Fine-Tuning Landscape

flowchart TD
    A[Base LLM] --> B{Method}
    B --> C[Full Fine-Tune]
    B --> D[LoRA]
    B --> E[QLoRA]
    C --> F[All params updated]
    C --> G[High VRAM]
    D --> H[Rank decomposition]
    D --> I[Medium VRAM]
    E --> J[4-bit NF4 + LoRA]
    E --> K[Lowest VRAM]

What Is LoRA?

Low-Rank Adaptation (LoRA) freezes the pretrained weights and injects trainable low-rank matrices into attention layers, reducing trainable parameters by 10,000x.

from peft import LoraConfig, get_peft_model
from transformers import AutoModelForCausalLM, AutoTokenizer
import torch

model_name = "microsoft/phi-2"
model = AutoModelForCausalLM.from_pretrained(
    model_name,
    torch_dtype=torch.float16,
    device_map="auto"
)
tokenizer = AutoTokenizer.from_pretrained(model_name)
tokenizer.pad_token = tokenizer.eos_token

# Configure LoRA
lora_config = LoraConfig(
    r=8,
    lora_alpha=32,
    target_modules=["q_proj", "v_proj"],
    lora_dropout=0.05,
    bias="none",
    task_type="CAUSAL_LM"
)

model = get_peft_model(model, lora_config)

# Count parameters
total = sum(p.numel() for p in model.parameters())
trainable = sum(
    p.numel() for p in model.parameters() if p.requires_grad
)
print(f"Total params: {total:,}")
print(f"Trainable params: {trainable:,}")
print(f"Trainable: {100 * trainable / total:.4f}%")

Expected output:

Total params: 2,789,109,760
Trainable params: 524,288
Trainable: 0.0188%

Preparing Training Data

Format your dataset as instruction-response pairs for supervised fine-tuning.

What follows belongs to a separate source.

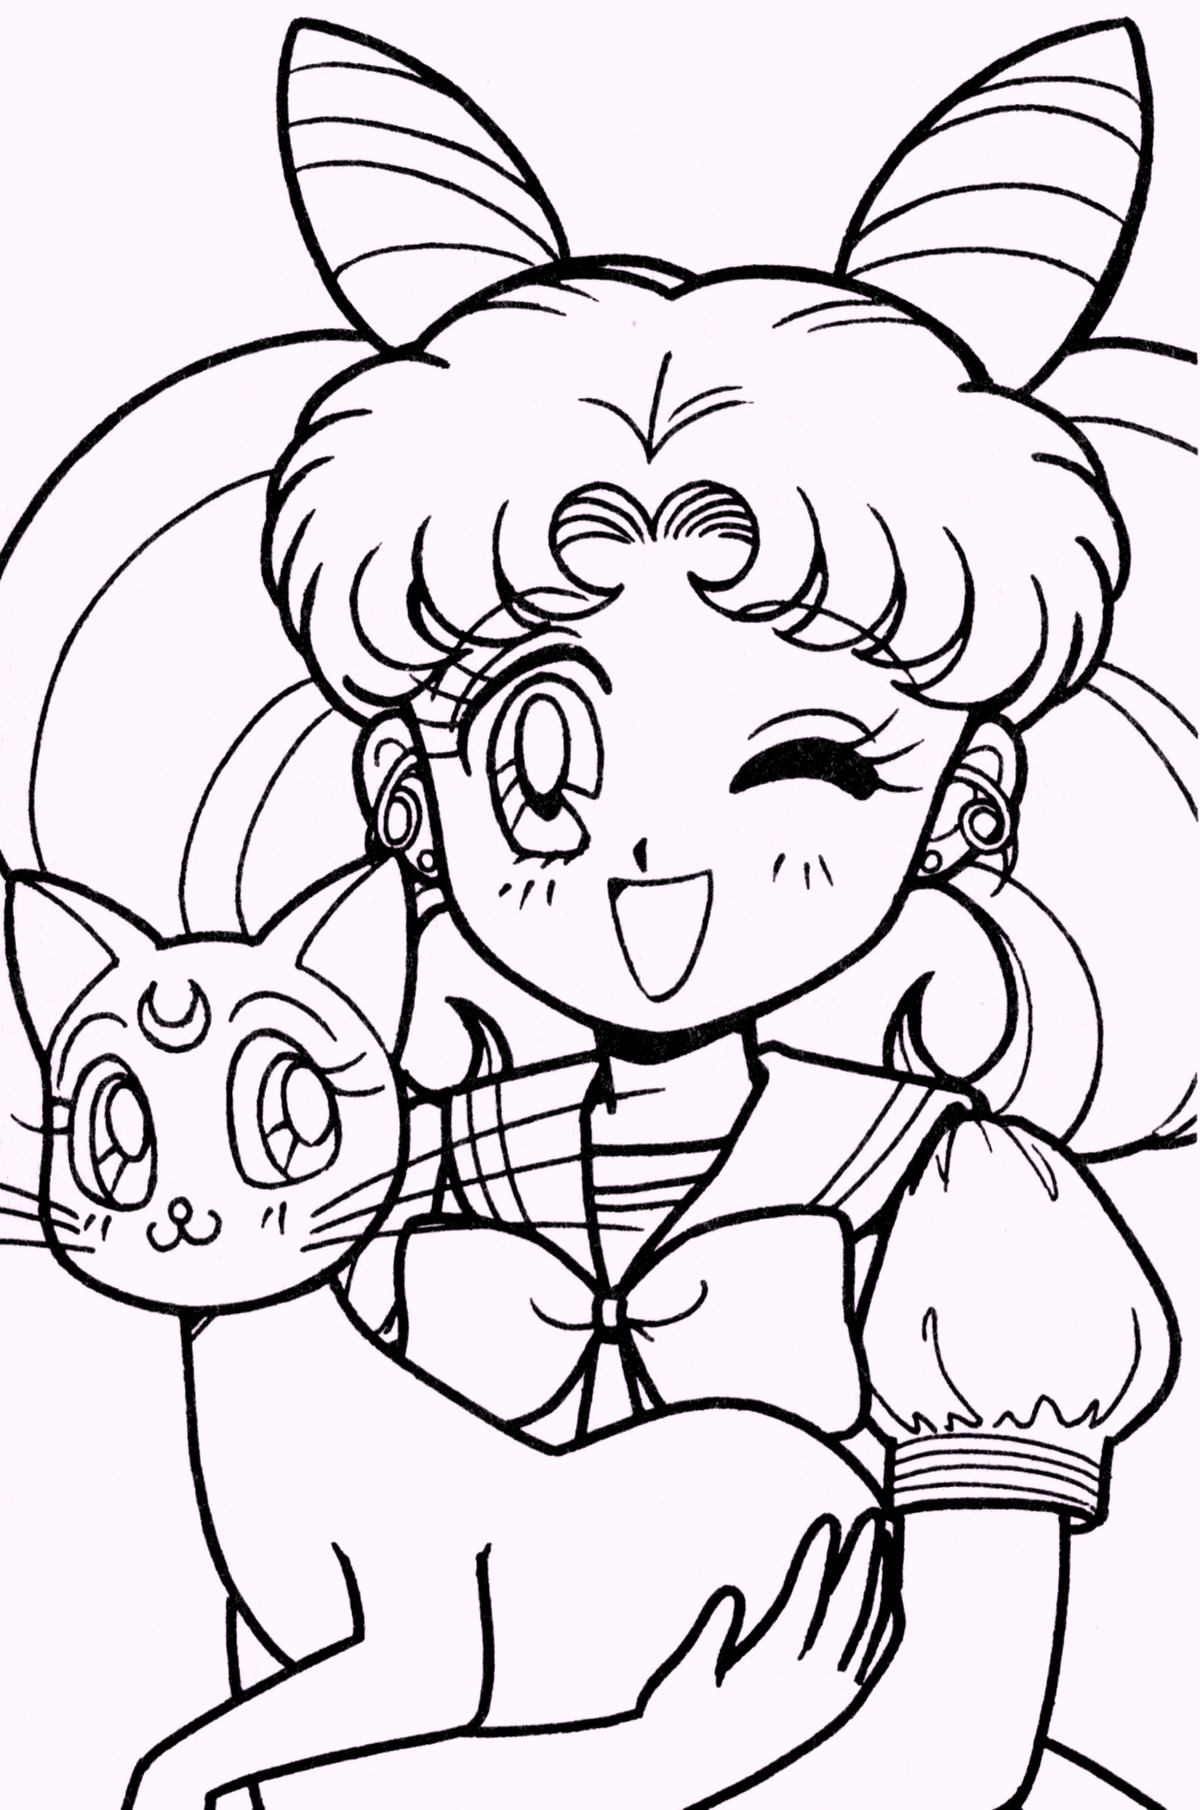 Sailor Moon Coloring Pages for Young Girls Coloring Pages

from datasets import Dataset

train_data = [
    {"instruction": "Write a Python function to check if a number is prime.",
     "response": "def is_prime(n):\n    if n < 2: return False\n    for i in range(2, int(n**0.5) + 1):\n        if n % i == 0: return False\n    return True"},
    {"instruction": "Explain what a decorator does in Python.",
     "response": "A decorator is a function that takes another function and extends its behavior without explicitly modifying it."}
]

def format_example(example):
    return {
        "text": f"### Instruction:\n{example['instruction']}\n\n### Response:\n{example['response']}{tokenizer.eos_token}"
    }

dataset = Dataset.from_list(train_data)
dataset = dataset.map(format_example)
print(f"Dataset size: {len(dataset)}")
print(f"Example:\n{dataset[0]['text'][:200]}...")

Expected output:

Dataset size: 2
Example:
### Instruction:
Write a Python function to check if a number is prime.

### Response:
def is_prime(n):
    if n < 2: return False
    for i in range(2, int(n**0.5) + 1):
        if n % i == 0: return False
    return True<EOS>...

Training with LoRA

Use the Hugging Face Trainer for fine-tuning.

from transformers import TrainingArguments, Trainer, DataCollatorForSeq2Seq

training_args = TrainingArguments(
    output_dir="./phi2-lora",
    per_device_train_batch_size=4,
    gradient_accumulation_steps=4,
    num_train_epochs=3,
    learning_rate=2e-4,
    fp16=True,
    logging_steps=10,
    save_strategy="epoch",
    report_to="none",
)

trainer = Trainer(
    model=model,
    args=training_args,
    train_dataset=dataset,
    data_collator=DataCollatorForSeq2Seq(
        tokenizer, pad_to_multiple_of=8
    ),
)

trainer.train()
print("Training complete!")
print(f"Model saved to {training_args.output_dir}")

Expected output:

Step  Training Loss
10    1.4523
20    0.8912
30    0.4456
Training complete!
Model saved to ./phi2-lora

QLoRA: Quantized LoRA

QLoRA adds 4-bit NormalFloat quantization of the base model, reducing memory by 4x while preserving LoRA training quality.

from transformers import BitsAndBytesConfig

# 4-bit quantization config
bnb_config = BitsAndBytesConfig(
    load_in_4bit=True,
    bnb_4bit_quant_type="nf4",
    bnb_4bit_compute_dtype=torch.float16,
    bnb_4bit_use_double_quant=True,
)

# Load model in 4-bit
model = AutoModelForCausalLM.from_pretrained(
    model_name,
    quantization_config=bnb_config,
    device_map="auto",
)
model = get_peft_model(model, lora_config)

# Measure memory
memory = torch.cuda.max_memory_allocated() / 1024**3
trainable = sum(
    p.numel() for p in model.parameters() if p.requires_grad
)
print(f"Max GPU memory: {memory:.2f} GB")
print(f"Trainable params: {trainable:,}")

trainer = Trainer(
    model=model,
    args=training_args,
    train_dataset=dataset,
    data_collator=DataCollatorForSeq2Seq(
        tokenizer, pad_to_multiple_of=8
    ),
)
trainer.train()

Expected output:

Max GPU memory: 5.84 GB
Trainable params: 524,288
Step  Training Loss
10    1.4210
20    0.8765
Training complete!

Inference After Fine-Tuning

Load and test your fine-tuned model.

from peft import PeftModel

base_model = AutoModelForCausalLM.from_pretrained(
    model_name,
    torch_dtype=torch.float16,
    device_map="auto"
)
fine_tuned = PeftModel.from_pretrained(base_model, "./phi2-lora")
fine_tuned = fine_tuned.merge_and_unload()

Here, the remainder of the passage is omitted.